Immune-Mediated Colitis
IMFINZI can cause immune-mediated colitis that is frequently associated with diarrhea. Cytomegalovirus (CMV) infection/reactivation has been reported in patients with corticosteroid-refractory immune-mediated colitis. In cases of corticosteroid-refractory colitis, consider repeating infectious workup to exclude alternative etiologies. Immune-mediated colitis occurred in 2% (37/1889) of patients receiving IMFINZI, including Grade 4 (<0.1%) and Grade 3 (0.4%) adverse reactions.
Immune-Mediated Hepatitis
IMFINZI can cause immune-mediated hepatitis. Immune-mediated hepatitis occurred in 2.8% (52/1889) of patients receiving IMFINZI, including fatal (0.2%), Grade 4 (0.3%) and Grade 3 (1.4%) adverse reactions.
Immune-Mediated Endocrinopathies
- Adrenal Insufficiency: IMFINZI can cause primary or secondary adrenal insufficiency. For Grade 2 or higher adrenal insufficiency, initiate symptomatic treatment, including hormone replacement as clinically indicated. Immune-mediated adrenal insufficiency occurred in 0.5% (9/1889) of patients receiving IMFINZI, including Grade 3 (<0.1%) adverse reactions.
- Hypophysitis: IMFINZI can cause immune-mediated hypophysitis. Hypophysitis can present with acute symptoms associated with mass effect such as headache, photophobia, or visual field cuts. Hypophysitis can cause hypopituitarism. Initiate symptomatic treatment including hormone replacement as clinically indicated. Grade 3 hypophysitis/hypopituitarism occurred in <0.1% (1/1889) of patients who received IMFINZI.
- Thyroid Disorders: IMFINZI can cause immune-mediated thyroid disorders. Thyroiditis can present with or without endocrinopathy. Hypothyroidism can follow hyperthyroidism. Initiate hormone replacement therapy for hypothyroidism or institute medical management of hyperthyroidism as clinically indicated.
- Thyroiditis: Immune-mediated thyroiditis occurred in 0.5% (9/1889) of patients receiving IMFINZI, including Grade 3 (<0.1%) adverse reactions.
- Hyperthyroidism: Immune-mediated hyperthyroidism occurred in 2.1% (39/1889) of patients receiving IMFINZI.
- Hypothyroidism: Immune-mediated hypothyroidism occurred in 8.3% (156/1889) of patients receiving IMFINZI, including Grade 3 (<0.1%) adverse reactions.
- Type 1 Diabetes Mellitus, which can present with diabetic ketoacidosis: Monitor patients for hyperglycemia or other signs and symptoms of diabetes. Initiate treatment with insulin as clinically indicated. Grade 3 immune-mediated type 1 diabetes mellitus occurred in <0.1% (1/1889) of patients receiving IMFINZI.

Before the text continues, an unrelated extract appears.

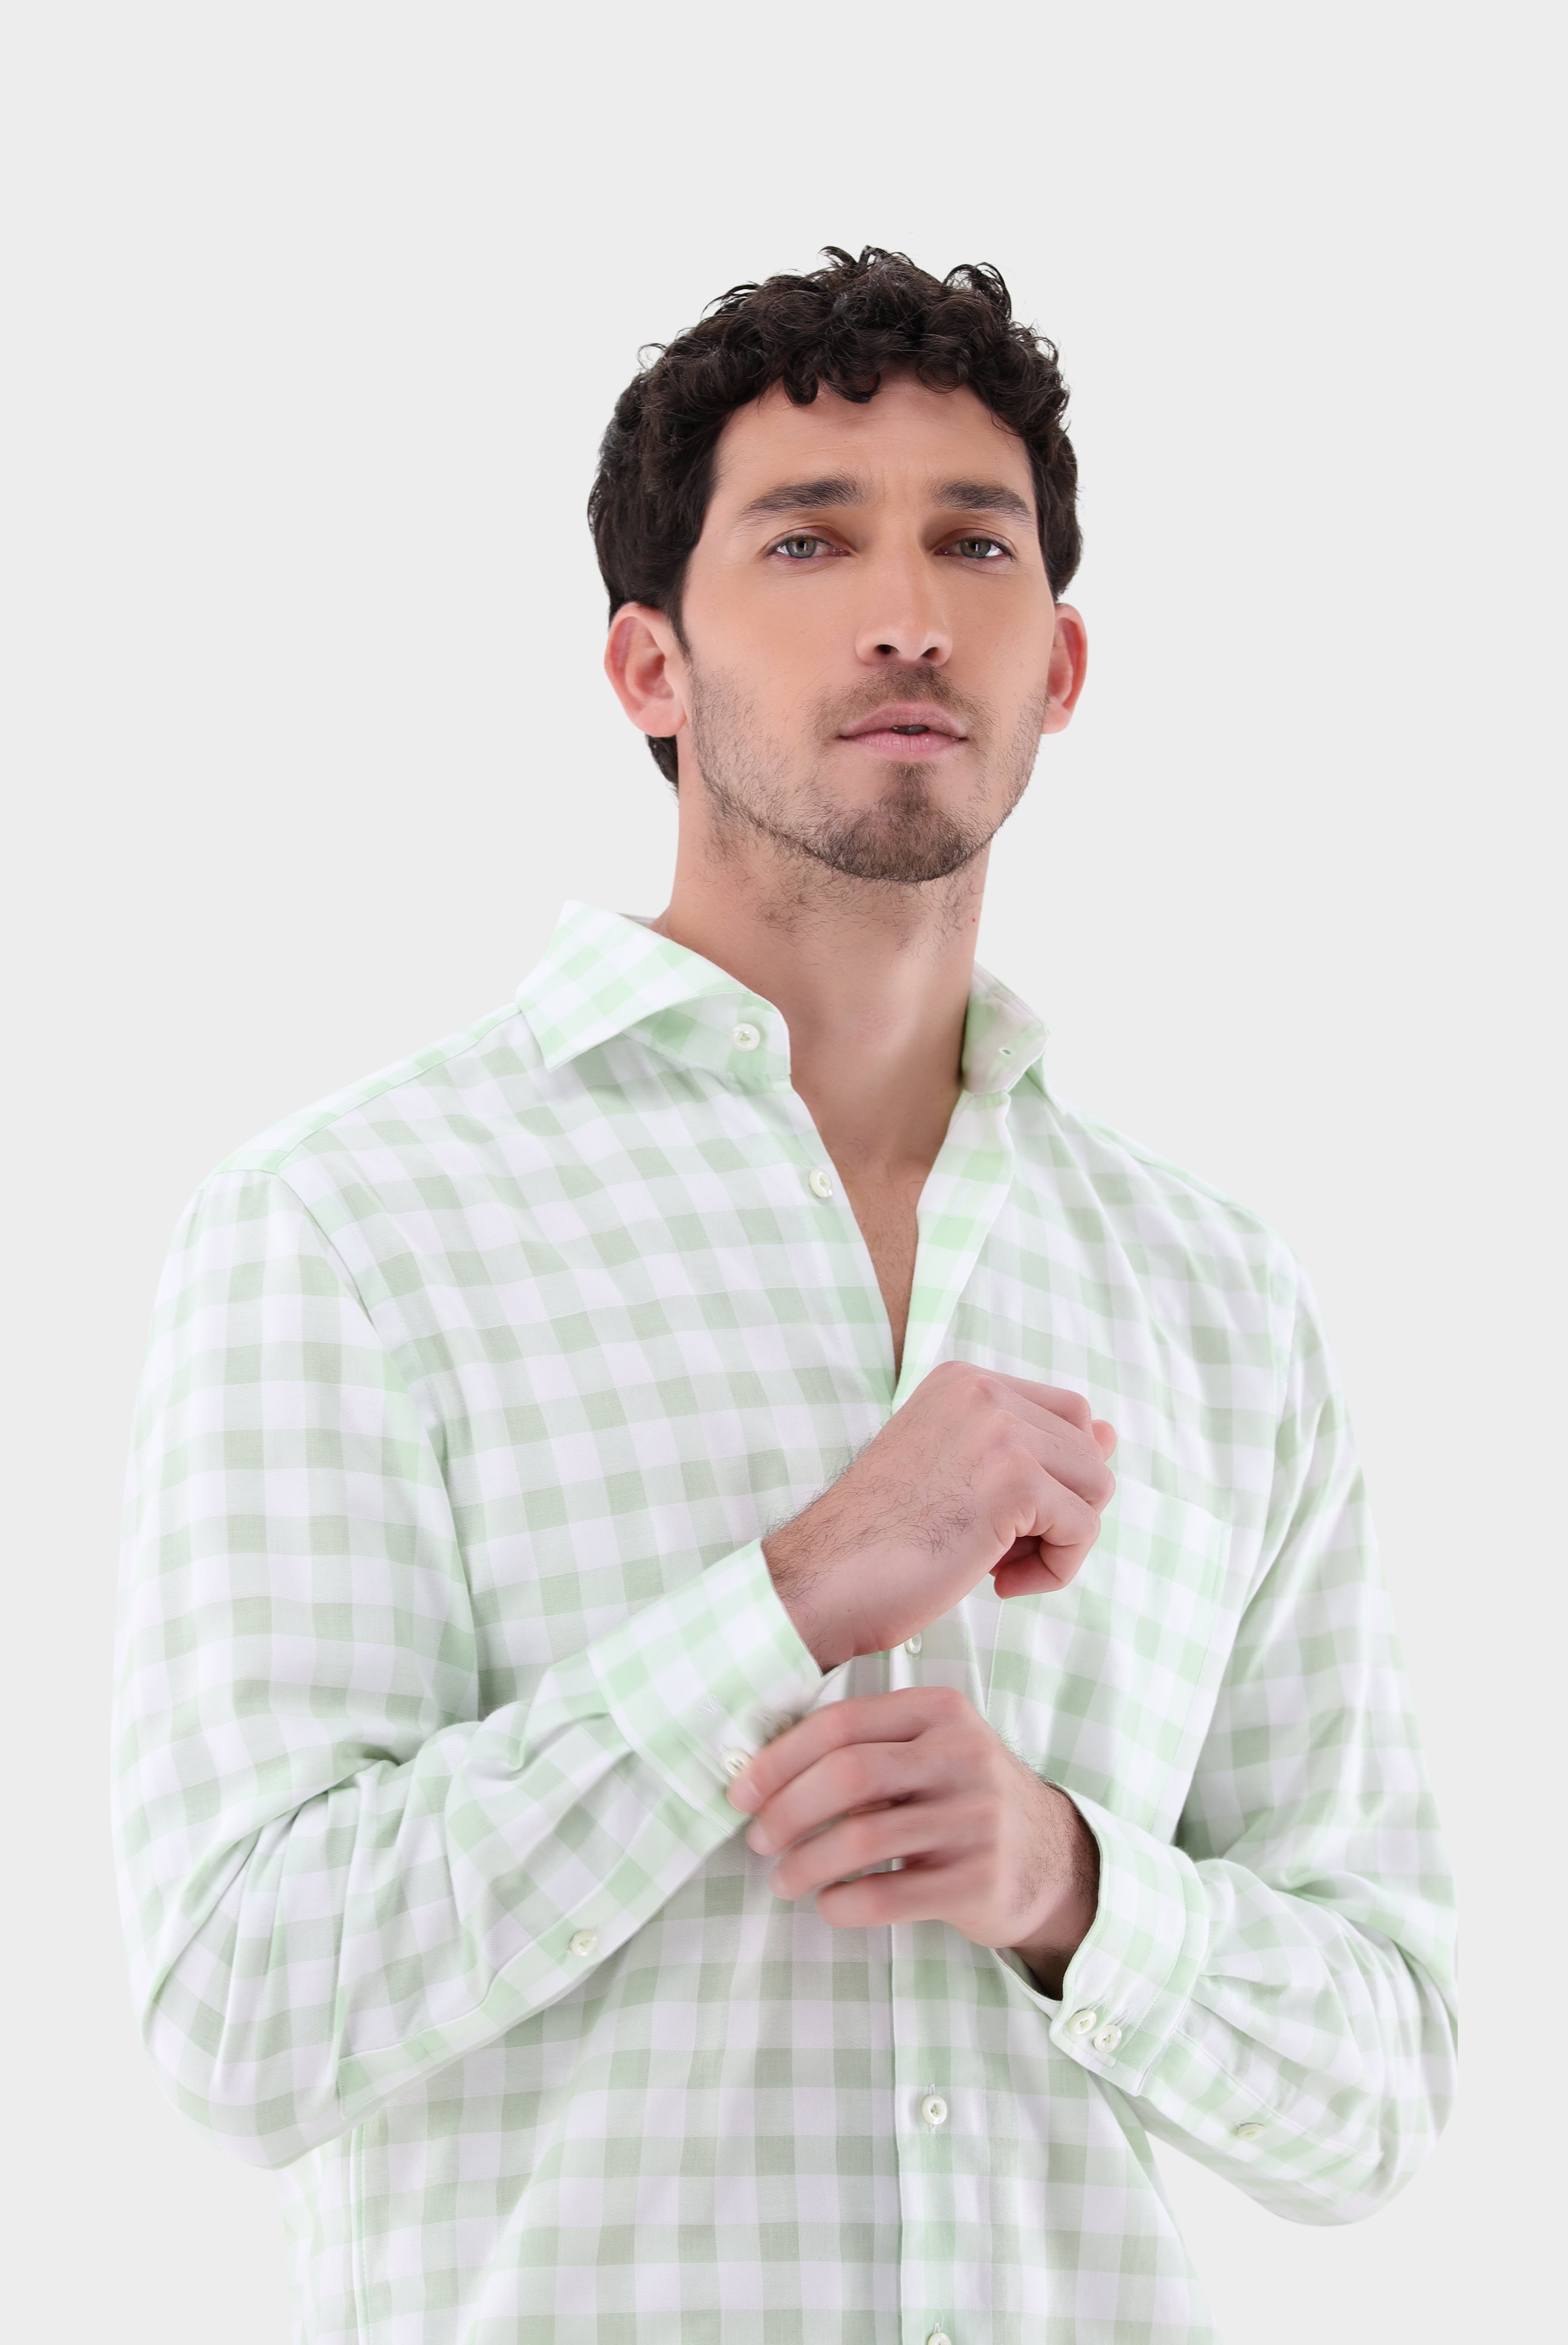 Casual Shirts+Checked twill shirt Comfort Fit+20.2021.AV.151021.910.39

Immune-Mediated Nephritis with Renal Dysfunction
IMFINZI can cause immune-mediated nephritis. Immune-mediated nephritis occurred in 0.5% (10/1889) of patients receiving IMFINZI, including Grade 3 (<0.1%) adverse reactions.
Immune-Mediated Dermatology Reactions
IMFINZI can cause immune-mediated rash or dermatitis. Exfoliative dermatitis, including Stevens-Johnson Syndrome (SJS), drug rash with eosinophilia and systemic symptoms (DRESS), and toxic epidermal necrolysis (TEN), have occurred with PD-1/L-1 blocking antibodies. Topical emollients and/or topical corticosteroids may be adequate to treat mild to moderate non-exfoliative rashes. Immune-mediated rash or dermatitis occurred in 1.8% (34/1889) of patients receiving IMFINZI, including Grade 3 (0.4%) adverse reactions.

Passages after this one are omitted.